-- ACTIVITY --
Search the listing below for the line containing "van halen desktop". From there through the line containing "Título: Retos educativos", transcribe every line exactly, both ends included.

^^^^

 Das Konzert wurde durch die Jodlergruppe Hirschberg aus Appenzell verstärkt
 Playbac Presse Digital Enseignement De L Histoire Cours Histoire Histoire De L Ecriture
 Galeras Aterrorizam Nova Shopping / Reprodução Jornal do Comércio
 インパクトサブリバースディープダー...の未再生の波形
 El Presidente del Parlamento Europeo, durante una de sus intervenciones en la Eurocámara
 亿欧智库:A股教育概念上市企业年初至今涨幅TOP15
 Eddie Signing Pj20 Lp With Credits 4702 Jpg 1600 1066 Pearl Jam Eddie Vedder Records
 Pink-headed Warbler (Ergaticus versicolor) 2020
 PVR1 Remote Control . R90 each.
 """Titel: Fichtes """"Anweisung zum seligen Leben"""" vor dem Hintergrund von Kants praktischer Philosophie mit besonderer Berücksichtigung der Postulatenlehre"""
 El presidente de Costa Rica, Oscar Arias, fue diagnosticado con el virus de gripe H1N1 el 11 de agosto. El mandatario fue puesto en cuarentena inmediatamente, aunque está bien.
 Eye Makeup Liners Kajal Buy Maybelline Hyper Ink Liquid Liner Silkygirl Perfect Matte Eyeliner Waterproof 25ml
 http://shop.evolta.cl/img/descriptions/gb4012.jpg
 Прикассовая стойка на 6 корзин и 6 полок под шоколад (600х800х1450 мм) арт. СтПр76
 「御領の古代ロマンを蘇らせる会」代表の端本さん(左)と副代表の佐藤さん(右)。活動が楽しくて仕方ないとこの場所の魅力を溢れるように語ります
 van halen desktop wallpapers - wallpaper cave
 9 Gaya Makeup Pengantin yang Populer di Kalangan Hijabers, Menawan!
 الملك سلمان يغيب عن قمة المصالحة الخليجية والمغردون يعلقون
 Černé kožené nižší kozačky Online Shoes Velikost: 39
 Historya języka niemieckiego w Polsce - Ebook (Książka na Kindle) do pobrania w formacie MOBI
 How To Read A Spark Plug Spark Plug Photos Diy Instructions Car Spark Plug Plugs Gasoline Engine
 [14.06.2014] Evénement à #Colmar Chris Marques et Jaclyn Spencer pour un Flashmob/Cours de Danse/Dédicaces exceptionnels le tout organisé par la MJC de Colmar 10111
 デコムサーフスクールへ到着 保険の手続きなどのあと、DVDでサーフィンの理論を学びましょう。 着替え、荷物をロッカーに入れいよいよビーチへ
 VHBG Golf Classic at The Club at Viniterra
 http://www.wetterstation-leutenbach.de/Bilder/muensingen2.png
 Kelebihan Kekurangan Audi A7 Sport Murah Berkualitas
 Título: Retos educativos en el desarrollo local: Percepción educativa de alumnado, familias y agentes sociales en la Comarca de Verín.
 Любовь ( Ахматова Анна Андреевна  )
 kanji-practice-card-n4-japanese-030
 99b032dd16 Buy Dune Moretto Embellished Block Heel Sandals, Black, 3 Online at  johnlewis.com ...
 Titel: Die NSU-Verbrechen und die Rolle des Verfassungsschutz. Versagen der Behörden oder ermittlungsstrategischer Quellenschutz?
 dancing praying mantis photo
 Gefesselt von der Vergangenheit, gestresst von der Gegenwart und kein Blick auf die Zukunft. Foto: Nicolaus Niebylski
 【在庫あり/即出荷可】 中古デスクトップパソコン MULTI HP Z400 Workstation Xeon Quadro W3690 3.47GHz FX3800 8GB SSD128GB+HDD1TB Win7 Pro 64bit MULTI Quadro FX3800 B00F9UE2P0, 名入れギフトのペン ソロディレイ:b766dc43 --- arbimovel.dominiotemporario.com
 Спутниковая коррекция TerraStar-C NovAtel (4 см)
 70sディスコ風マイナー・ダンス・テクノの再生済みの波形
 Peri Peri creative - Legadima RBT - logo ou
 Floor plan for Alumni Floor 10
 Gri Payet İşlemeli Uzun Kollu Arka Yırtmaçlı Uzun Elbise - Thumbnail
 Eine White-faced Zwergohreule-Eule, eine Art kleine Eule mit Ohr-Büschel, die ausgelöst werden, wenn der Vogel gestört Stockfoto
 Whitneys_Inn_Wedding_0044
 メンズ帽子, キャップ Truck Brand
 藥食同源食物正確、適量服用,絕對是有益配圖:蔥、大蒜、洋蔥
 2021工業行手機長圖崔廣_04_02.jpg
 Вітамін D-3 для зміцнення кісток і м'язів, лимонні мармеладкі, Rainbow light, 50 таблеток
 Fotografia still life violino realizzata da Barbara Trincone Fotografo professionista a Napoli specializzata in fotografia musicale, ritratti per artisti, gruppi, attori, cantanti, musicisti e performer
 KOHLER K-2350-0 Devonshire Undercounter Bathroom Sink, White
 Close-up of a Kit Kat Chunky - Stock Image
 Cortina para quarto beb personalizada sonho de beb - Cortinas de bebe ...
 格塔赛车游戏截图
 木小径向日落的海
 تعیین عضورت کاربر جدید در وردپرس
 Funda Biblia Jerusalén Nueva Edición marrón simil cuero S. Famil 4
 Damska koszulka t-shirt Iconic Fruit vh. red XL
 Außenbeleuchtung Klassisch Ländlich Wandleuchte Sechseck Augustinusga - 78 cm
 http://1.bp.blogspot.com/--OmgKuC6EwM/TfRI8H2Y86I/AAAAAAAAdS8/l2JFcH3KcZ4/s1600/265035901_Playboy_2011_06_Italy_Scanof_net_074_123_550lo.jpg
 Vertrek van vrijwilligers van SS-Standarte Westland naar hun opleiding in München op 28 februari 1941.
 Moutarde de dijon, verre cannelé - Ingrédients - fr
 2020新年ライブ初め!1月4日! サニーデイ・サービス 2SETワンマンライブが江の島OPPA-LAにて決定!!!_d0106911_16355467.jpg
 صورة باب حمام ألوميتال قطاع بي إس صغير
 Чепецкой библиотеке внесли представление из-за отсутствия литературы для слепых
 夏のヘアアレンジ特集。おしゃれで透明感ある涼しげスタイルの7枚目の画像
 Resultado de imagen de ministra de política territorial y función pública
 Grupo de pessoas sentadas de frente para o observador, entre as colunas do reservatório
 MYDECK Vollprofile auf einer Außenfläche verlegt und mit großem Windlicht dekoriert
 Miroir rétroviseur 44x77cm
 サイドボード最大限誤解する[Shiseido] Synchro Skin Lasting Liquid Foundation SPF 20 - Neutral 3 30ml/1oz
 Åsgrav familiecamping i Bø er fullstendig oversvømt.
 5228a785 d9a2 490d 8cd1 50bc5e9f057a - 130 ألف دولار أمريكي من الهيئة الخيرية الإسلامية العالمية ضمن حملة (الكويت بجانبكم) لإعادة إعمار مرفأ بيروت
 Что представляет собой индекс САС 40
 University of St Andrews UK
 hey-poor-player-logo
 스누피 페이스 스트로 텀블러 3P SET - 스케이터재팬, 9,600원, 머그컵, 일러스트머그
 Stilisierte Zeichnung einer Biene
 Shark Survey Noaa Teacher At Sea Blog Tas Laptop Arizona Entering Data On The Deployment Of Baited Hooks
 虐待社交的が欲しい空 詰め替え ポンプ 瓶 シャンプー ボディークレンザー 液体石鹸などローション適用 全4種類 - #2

^^^^

-- ANSWER BELOW --
 van halen desktop wallpapers - wallpaper cave
 9 Gaya Makeup Pengantin yang Populer di Kalangan Hijabers, Menawan!
 الملك سلمان يغيب عن قمة المصالحة الخليجية والمغردون يعلقون
 Černé kožené nižší kozačky Online Shoes Velikost: 39
 Historya języka niemieckiego w Polsce - Ebook (Książka na Kindle) do pobrania w formacie MOBI
 How To Read A Spark Plug Spark Plug Photos Diy Instructions Car Spark Plug Plugs Gasoline Engine
 [14.06.2014] Evénement à #Colmar Chris Marques et Jaclyn Spencer pour un Flashmob/Cours de Danse/Dédicaces exceptionnels le tout organisé par la MJC de Colmar 10111
 デコムサーフスクールへ到着 保険の手続きなどのあと、DVDでサーフィンの理論を学びましょう。 着替え、荷物をロッカーに入れいよいよビーチへ
 VHBG Golf Classic at The Club at Viniterra
 http://www.wetterstation-leutenbach.de/Bilder/muensingen2.png
 Kelebihan Kekurangan Audi A7 Sport Murah Berkualitas
 Título: Retos educativos en el desarrollo local: Percepción educativa de alumnado, familias y agentes sociales en la Comarca de Verín.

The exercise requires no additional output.